**RECORDS PROVIDED:**
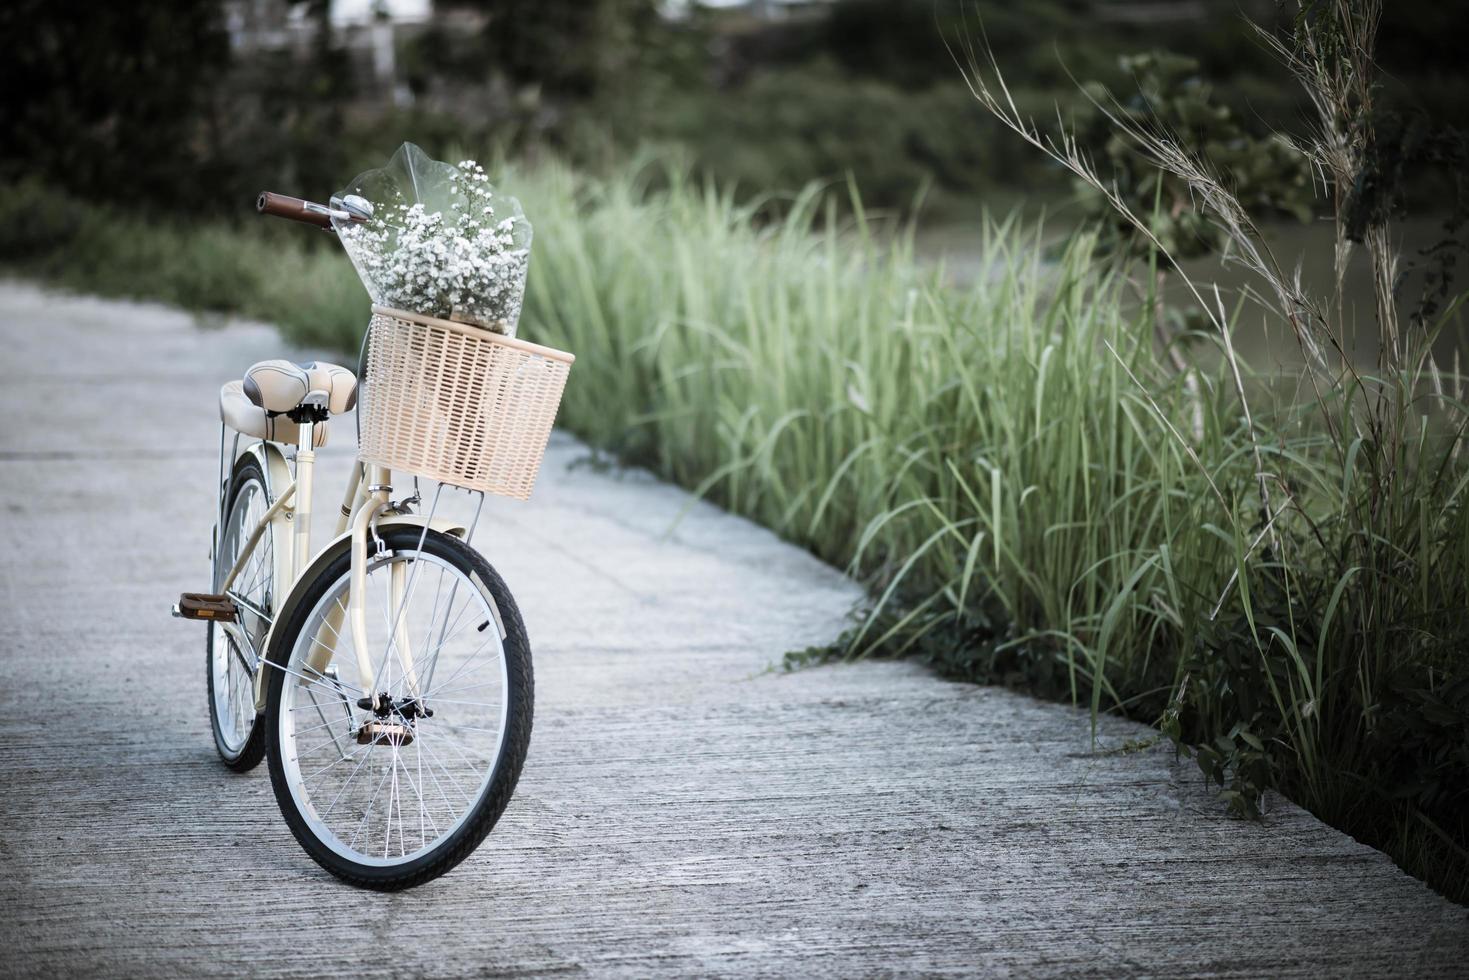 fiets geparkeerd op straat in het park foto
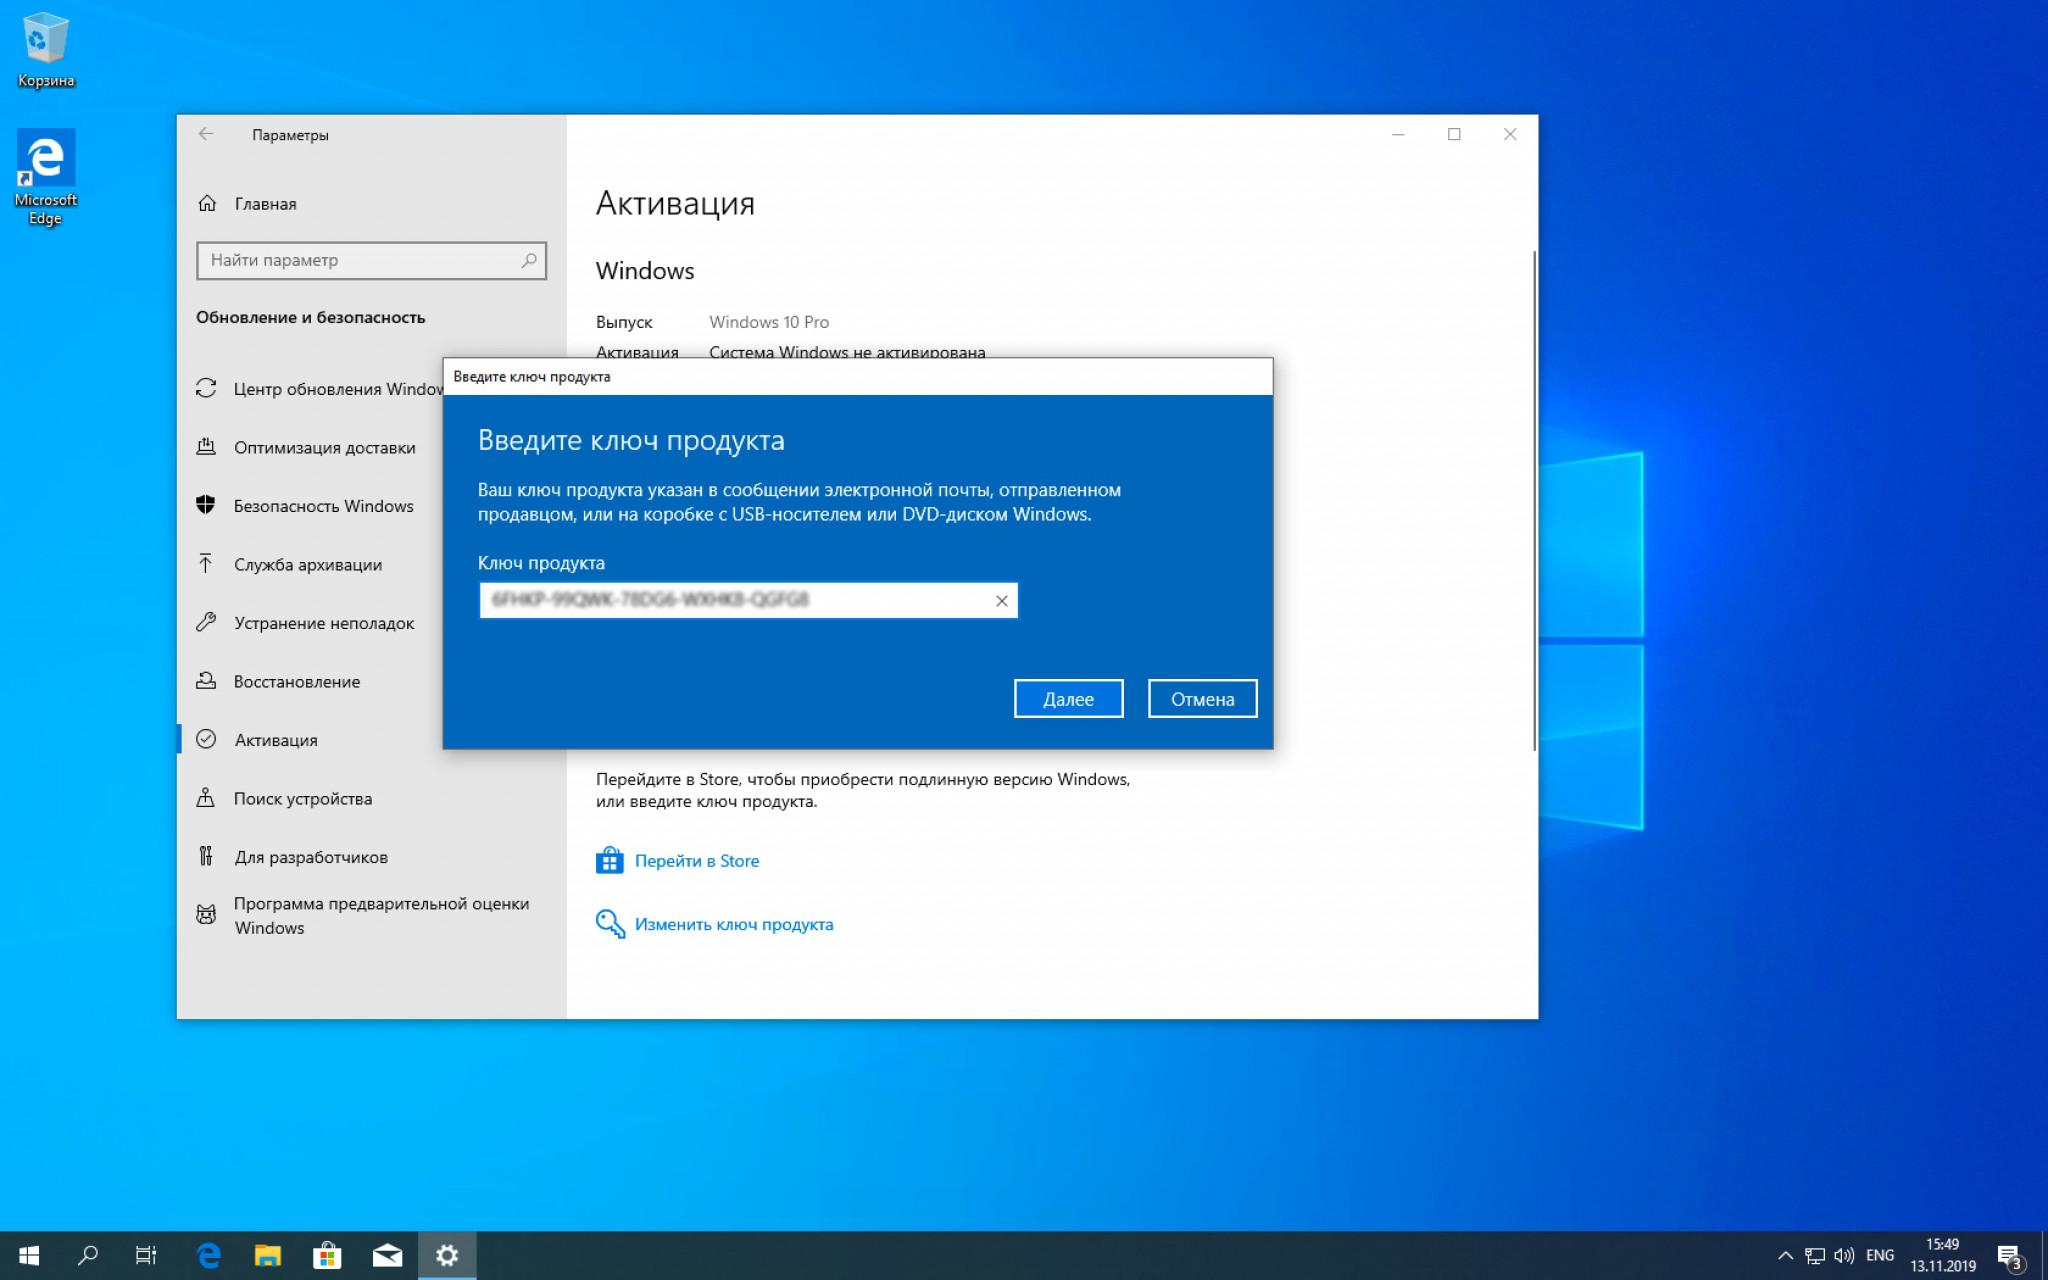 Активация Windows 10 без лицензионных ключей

==

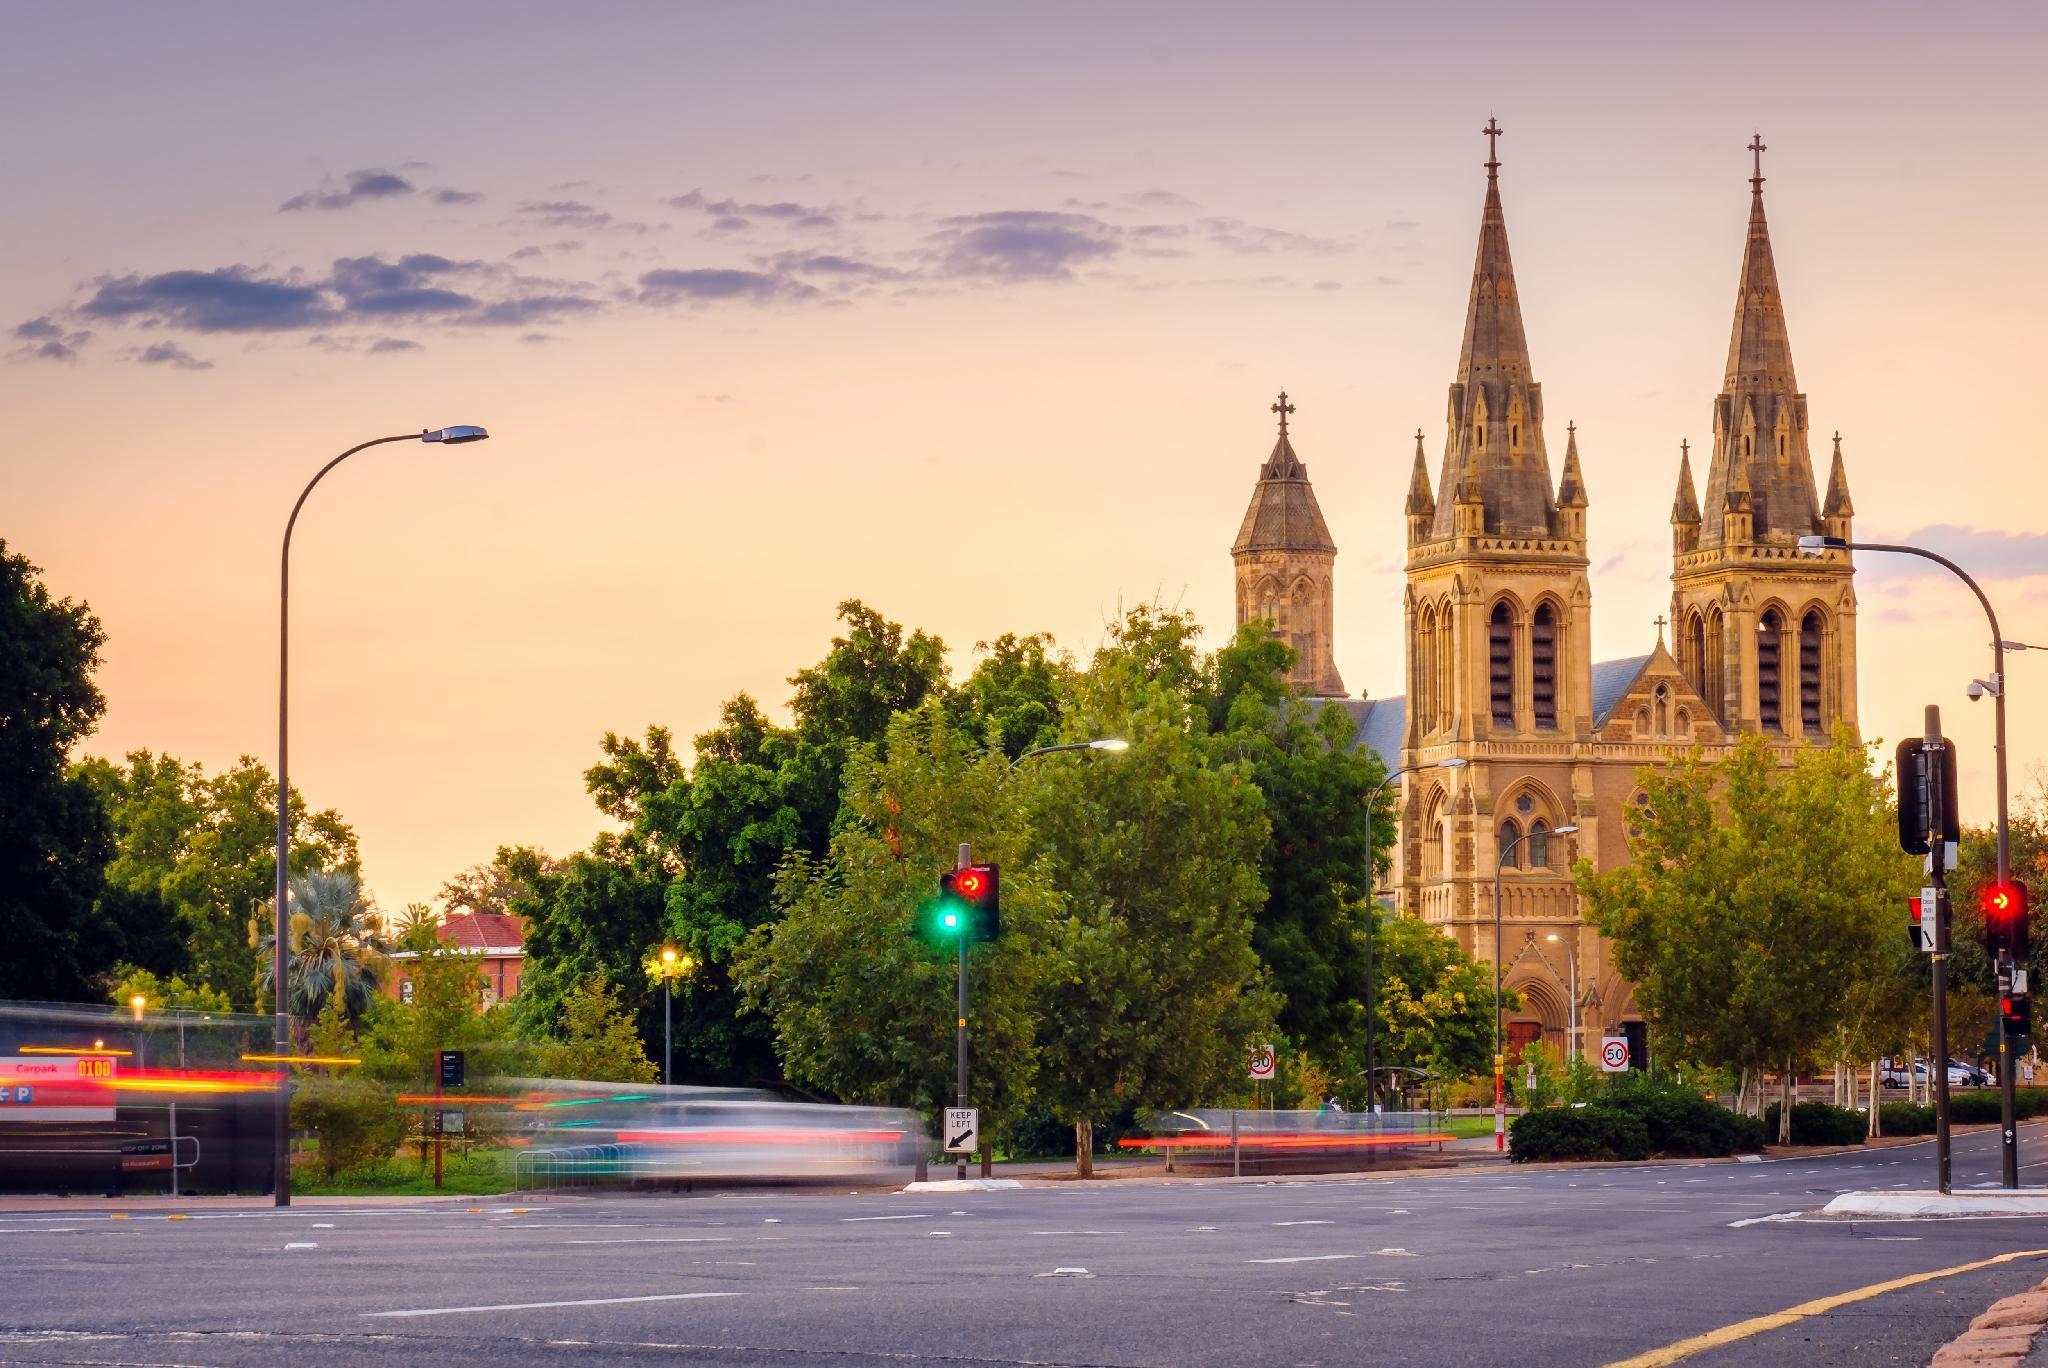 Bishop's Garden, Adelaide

--

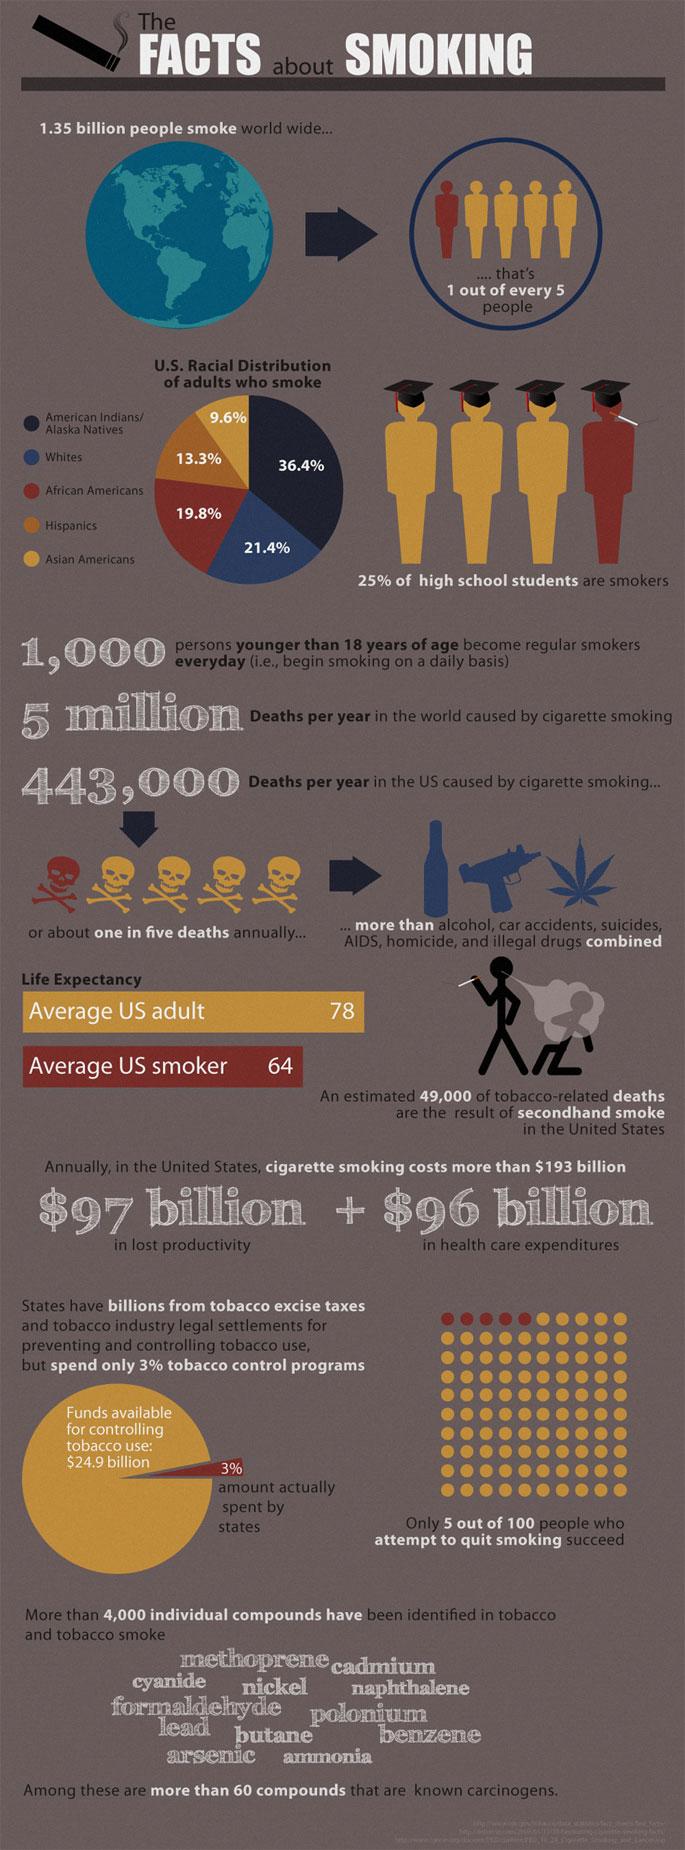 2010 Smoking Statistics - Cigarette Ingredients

**DIRECTIONS FOR THIS TASK:** Output exactly those lines of the data above that run from the line with "fiets geparkeerd op straat in het park foto" up to and including the line with "Активация Windows 10 без лицензионных ключей". No pictures go in.

**RESULT FOR THIS EXERCISE:**
 fiets geparkeerd op straat in het park foto
 Активация Windows 10 без лицензионных ключей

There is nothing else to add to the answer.